We have our first show this weekend and my Angel is going through her coat change. Constant matting every time you blink. I am planning on doing the big bath, grooming session the night before we leave. I have Coat Handler Shampoo and the EZ Groom Silky Almond Shampoo. I am wondering which would of these shampoos might help with less matting. I have the Coat Handler Conditioner also. Any thoughts on this? I have not used the Silky Almond yet, it just came this week. Maybe it would be best not to try the new shampoo before our first show!?!? You are all so wonderful with your advice. I am learning a lot here. Thank you!


----------



## windfallhavs (Oct 19, 2006)

This is just me personally, but I never try out new grooming products right before a show. If you don't like what they do to the coat, you are going to end up having to redo all of the grooming...I would wait and experiment with new products during a regular grooming session. Then...if you like the results, you know that you are safe using the products for the show bath.


----------



## Me&2Girls (May 11, 2007)

My guess is that if you've used Coat Handler in the past and liked it, then you should stick with it - especially if you are grooming the night before and can't do it in the morning.


----------



## jjndjgotahav (Jan 6, 2008)

Thank you. I guess it was a silly question. I think I am nervous about the show and frustrated with the mats. 

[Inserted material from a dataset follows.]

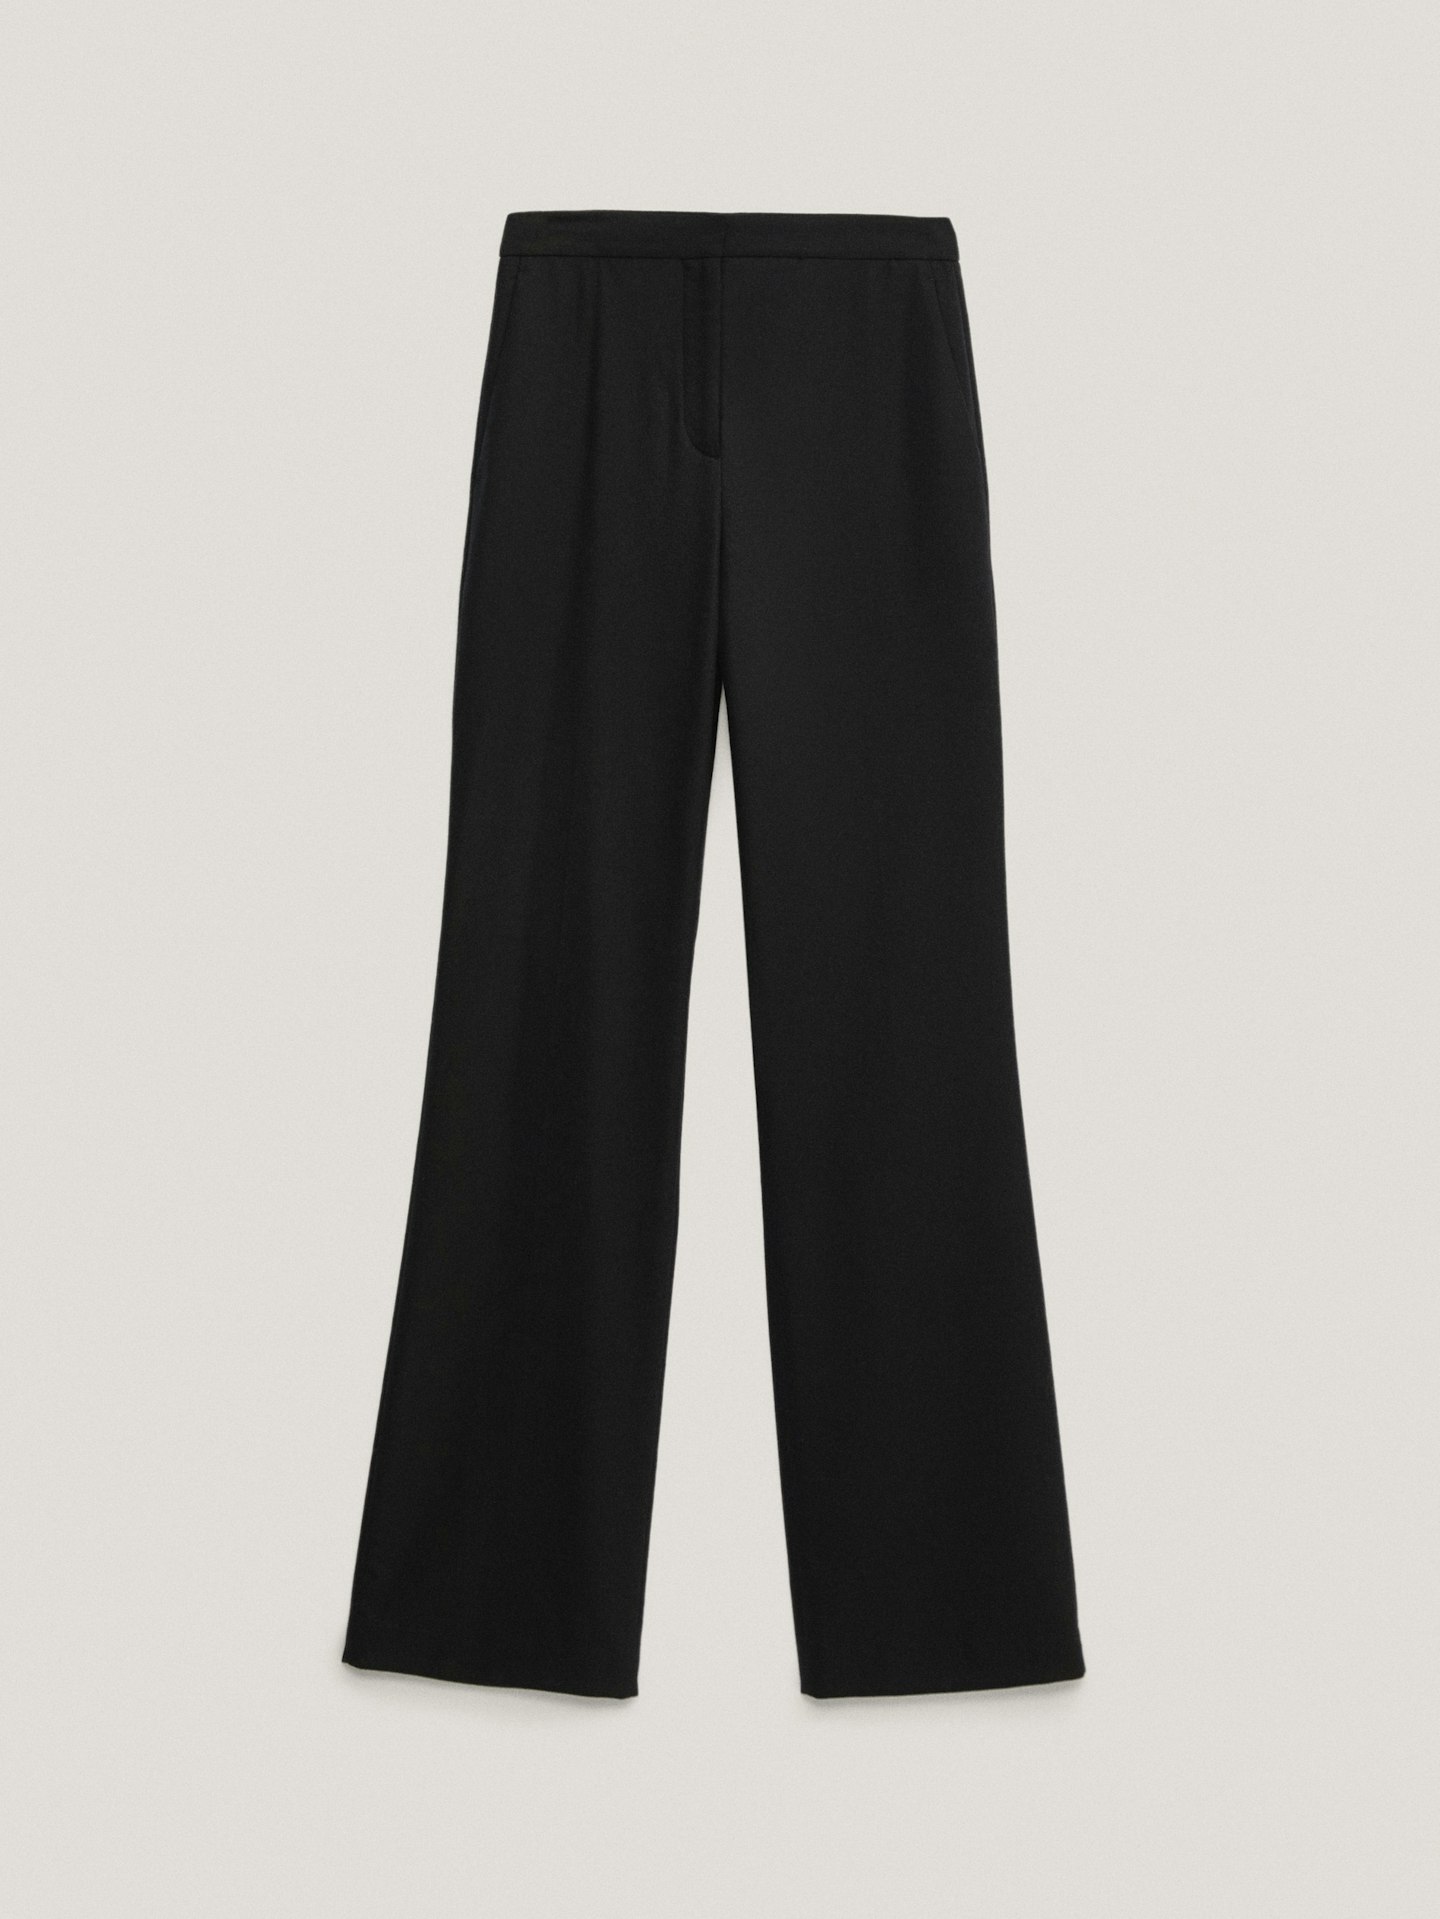 Massimo Dutti, Flared Black Wool Trousers, £99.95

No matter how hard I am working on her she mats right back up.

Wish I had a magic wand


----------



## Havtahava (Aug 20, 2006)

I completely agree with Diane (windfallhavs). Don't try something new the night before or the morning of a show. Stick with what you know. If she is blowing coat, she's going to blow it no matter what the product is that you use.

Good luck!


----------



## EstrellaVila (Nov 30, 2007)

Boo for blowing coat. This is a late tip as you already did your show, but I had to experiment a ton to see what worked for Tito's coat. He has been to three shows now, and I think I kinda figured it out. I have to wake up and bathe/groom him the day of the show. His hair is just too kinky curly to do it any earlier. I tried night before and morning of and did not the same results. Throughout the week I spray tons of leave in conditioner and brush him. I spent 4 hours grooming him Sunday morning this last show. Not kidding. He pottied, was bathed with tons of conditioner, and then blow dried until he was as close to perfect as my patience would allow. I think the best you can do is brush consistently for the mats, and bring tons of diluted CH conditioner with you for your show day and possibly a blow dyer for last minute touches. I started using Isle of Dogs products because I found the coat handler shampoo was just a little too strong. You have to play around with it to find what works for you (dont test it show day like the ladies have already mentioned). Good luck in the ring and always remember to have fun!


----------